Start of DATA TO EXAMINE
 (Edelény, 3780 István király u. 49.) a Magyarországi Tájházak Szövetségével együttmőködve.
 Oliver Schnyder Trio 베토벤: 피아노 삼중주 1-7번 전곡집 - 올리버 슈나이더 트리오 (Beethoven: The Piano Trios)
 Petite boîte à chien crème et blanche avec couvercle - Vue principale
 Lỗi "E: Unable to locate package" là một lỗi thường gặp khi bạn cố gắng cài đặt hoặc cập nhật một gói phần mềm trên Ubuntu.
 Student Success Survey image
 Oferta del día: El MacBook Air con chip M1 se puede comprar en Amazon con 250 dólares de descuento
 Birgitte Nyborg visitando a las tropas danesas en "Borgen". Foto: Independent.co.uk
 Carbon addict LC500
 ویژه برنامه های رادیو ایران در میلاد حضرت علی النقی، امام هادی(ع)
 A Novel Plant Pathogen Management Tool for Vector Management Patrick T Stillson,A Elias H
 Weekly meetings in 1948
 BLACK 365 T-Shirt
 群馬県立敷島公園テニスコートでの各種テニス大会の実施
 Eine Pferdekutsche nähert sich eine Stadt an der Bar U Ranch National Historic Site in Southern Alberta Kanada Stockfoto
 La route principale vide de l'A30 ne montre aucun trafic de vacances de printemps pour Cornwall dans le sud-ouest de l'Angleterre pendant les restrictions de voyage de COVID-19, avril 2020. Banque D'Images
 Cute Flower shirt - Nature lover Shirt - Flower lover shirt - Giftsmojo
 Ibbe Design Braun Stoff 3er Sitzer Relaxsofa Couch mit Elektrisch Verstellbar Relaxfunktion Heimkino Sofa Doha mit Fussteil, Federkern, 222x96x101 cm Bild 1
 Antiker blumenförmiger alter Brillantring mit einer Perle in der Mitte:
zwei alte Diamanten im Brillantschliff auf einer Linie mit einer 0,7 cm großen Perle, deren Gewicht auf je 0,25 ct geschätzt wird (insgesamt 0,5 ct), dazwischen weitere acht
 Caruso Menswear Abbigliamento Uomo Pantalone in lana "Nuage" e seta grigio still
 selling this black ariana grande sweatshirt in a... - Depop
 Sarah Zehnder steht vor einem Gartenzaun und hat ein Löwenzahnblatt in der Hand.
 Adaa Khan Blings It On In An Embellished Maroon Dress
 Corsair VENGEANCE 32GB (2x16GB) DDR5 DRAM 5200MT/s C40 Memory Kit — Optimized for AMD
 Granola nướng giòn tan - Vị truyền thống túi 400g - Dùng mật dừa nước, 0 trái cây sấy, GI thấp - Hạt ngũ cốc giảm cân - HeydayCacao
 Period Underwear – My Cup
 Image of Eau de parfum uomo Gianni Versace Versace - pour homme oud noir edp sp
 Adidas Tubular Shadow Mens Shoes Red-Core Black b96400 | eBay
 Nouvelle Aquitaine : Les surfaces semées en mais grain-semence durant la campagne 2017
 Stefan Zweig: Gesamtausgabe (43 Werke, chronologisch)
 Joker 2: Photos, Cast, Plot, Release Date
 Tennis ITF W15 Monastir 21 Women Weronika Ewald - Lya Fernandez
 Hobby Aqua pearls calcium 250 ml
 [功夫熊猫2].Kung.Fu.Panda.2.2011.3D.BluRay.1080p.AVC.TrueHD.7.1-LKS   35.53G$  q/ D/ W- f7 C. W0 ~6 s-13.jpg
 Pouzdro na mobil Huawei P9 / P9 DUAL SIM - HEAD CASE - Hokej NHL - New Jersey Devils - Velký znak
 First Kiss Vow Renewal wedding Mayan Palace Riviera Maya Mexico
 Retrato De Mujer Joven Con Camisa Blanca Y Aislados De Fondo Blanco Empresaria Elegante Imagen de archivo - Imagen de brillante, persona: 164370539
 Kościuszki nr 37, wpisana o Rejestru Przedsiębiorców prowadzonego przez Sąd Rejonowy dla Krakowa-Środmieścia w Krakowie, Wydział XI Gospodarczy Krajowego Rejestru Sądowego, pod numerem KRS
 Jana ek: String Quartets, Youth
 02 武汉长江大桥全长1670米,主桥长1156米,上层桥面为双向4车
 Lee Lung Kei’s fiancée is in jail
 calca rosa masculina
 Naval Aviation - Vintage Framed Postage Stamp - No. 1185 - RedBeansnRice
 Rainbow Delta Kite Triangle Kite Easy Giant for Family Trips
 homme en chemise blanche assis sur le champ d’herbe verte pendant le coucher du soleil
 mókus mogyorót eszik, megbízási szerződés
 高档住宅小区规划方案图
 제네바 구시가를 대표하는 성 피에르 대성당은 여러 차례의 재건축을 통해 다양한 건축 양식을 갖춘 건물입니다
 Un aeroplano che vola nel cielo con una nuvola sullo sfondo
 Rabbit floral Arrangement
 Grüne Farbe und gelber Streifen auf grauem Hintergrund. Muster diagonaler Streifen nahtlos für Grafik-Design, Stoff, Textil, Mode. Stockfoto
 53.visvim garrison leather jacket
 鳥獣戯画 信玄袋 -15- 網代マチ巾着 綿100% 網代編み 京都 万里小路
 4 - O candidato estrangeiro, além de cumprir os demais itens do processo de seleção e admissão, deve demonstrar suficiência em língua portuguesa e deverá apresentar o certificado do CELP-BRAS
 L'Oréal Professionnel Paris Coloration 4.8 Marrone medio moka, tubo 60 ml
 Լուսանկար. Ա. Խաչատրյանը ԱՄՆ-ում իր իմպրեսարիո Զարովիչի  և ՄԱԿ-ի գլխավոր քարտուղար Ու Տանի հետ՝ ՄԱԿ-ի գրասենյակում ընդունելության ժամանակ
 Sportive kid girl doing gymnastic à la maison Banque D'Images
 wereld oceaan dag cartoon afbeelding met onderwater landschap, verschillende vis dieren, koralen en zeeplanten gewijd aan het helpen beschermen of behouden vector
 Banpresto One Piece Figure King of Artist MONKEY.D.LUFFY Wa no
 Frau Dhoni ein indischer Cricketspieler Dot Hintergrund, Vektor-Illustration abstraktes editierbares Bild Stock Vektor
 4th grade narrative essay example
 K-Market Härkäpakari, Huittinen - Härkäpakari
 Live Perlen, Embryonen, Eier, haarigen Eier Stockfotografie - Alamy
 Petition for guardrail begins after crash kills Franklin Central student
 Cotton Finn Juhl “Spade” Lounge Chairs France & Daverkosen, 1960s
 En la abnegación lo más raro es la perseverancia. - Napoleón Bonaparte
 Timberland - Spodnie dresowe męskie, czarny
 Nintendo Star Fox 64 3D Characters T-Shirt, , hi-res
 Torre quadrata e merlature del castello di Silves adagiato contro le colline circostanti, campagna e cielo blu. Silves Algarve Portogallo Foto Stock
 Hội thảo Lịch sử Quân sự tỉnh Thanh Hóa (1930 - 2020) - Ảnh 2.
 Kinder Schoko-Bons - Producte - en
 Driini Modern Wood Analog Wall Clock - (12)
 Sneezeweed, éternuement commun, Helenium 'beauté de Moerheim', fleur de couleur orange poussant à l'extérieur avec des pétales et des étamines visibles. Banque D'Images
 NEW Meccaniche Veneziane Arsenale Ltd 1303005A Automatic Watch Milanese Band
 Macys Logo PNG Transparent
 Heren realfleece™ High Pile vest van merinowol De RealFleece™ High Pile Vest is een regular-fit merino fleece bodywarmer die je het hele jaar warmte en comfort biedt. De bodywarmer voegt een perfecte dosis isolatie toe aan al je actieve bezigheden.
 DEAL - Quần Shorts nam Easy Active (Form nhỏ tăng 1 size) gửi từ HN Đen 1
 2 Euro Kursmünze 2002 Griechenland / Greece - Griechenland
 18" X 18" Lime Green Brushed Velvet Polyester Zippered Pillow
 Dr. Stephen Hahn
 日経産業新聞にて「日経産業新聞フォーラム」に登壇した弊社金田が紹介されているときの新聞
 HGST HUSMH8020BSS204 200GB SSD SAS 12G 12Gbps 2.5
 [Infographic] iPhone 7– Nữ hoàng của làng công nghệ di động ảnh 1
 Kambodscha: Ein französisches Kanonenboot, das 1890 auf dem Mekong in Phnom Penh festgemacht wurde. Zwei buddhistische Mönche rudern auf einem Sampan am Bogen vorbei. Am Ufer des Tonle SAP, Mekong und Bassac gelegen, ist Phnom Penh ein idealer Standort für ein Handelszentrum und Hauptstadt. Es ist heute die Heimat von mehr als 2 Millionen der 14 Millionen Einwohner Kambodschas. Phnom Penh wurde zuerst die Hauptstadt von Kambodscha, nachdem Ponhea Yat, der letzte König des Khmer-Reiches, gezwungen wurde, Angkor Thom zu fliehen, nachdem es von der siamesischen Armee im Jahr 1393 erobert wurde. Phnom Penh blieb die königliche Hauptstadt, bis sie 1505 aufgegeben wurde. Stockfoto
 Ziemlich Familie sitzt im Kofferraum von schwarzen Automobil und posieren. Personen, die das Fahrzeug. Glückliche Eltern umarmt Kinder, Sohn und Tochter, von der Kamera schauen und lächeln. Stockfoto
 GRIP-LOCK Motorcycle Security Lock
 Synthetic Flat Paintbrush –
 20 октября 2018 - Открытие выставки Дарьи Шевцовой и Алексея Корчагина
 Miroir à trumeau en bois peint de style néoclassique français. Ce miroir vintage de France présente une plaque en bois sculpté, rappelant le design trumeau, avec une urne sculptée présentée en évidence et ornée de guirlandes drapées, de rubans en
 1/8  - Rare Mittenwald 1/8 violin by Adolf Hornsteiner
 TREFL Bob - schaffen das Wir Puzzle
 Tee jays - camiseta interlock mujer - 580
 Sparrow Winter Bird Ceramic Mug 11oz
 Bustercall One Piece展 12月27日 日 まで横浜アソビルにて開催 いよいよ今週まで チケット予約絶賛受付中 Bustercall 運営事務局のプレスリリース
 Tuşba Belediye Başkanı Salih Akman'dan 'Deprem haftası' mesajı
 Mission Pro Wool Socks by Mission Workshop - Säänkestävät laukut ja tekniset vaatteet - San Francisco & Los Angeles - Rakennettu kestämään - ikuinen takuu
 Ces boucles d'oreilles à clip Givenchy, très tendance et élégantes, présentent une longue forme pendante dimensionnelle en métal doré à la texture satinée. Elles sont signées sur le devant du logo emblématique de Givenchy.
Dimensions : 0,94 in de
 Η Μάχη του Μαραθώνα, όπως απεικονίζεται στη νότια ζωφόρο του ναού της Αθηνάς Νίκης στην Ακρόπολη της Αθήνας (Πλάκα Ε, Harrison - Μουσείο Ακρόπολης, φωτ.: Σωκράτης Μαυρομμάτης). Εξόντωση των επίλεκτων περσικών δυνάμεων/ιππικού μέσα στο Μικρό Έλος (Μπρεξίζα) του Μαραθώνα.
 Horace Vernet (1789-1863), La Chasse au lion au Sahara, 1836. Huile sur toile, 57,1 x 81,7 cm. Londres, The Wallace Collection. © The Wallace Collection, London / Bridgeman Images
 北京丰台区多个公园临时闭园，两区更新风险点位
End of DATA TO EXAMINE
- GOAL OF THE EXERCISE
From the line that has "日経産業新聞にて「日経産業新" through the line that has "[Infographic] iPhone 7–", copy every line exactly as it appears above, and leave out all others.

- SOLUTION
 日経産業新聞にて「日経産業新聞フォーラム」に登壇した弊社金田が紹介されているときの新聞
 HGST HUSMH8020BSS204 200GB SSD SAS 12G 12Gbps 2.5
 [Infographic] iPhone 7– Nữ hoàng của làng công nghệ di động ảnh 1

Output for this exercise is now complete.